On Wednesday 13 April 2016 00:47:14 drookie wrote:
Is there someone besides Captain Evidence who knows the answer ? This is
actually the problem of the modern internet: half of the decent questions is
flooded out by people, who not only think they know the answer, but are
arrogant enough to insist it, and from the point of an outer observer the
topic looks “answered”.
[…]
Ok, probably “fastcgi_next_upstream” in my answer misled you, since
nginx with
the “upstream” block for sure talks to other nginx instances by HTTP
using
“proxy_pass”, then “proxy_next_upstream” would the correct answer in
this
case.
In the configuration below:
upstream backends {
server 192.168.0.1;
server 192.168.0.2;
}
proxy_pass http://backends;
nginx doesn’t care (and knows nothing) about the virtual hosts presented
on
these servers in the upstream block, and don’t try to differentiate
requests
in terms of liveness using the host header or any other parameter.

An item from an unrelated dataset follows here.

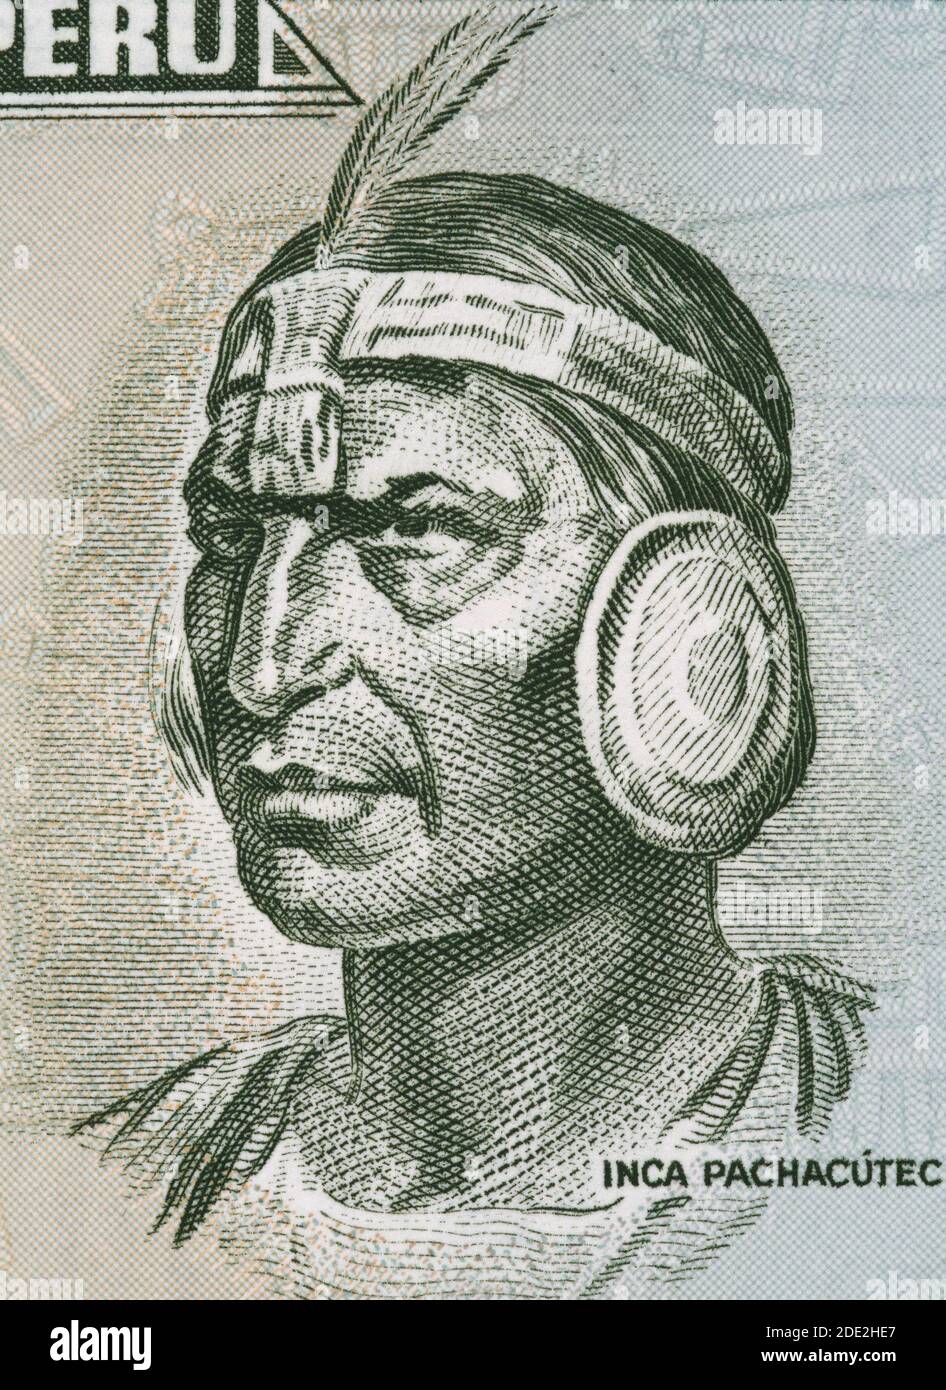 Inca Pachacutec face portrait on Peru 5 soles (1974) banknote closeup fragment, Peruvian money close up. Stock Photo

If the “192.168.0.1” will be recognized as dead by the rules that are
described in the documentation, it will be considered dead for all
requests
for all hosts that use this upstream block.
So the “member liveness” is per upstream group.
What I also wanted to bring to your attention is that by default the 500
response isn’t recognized as a fail attempt, unless you have configured
it
using the proxy_next_upstream, fastcgi_next_upstream,
uwsgi_next_upstream,
or scgi_next_upstream directives (depending on the protocol).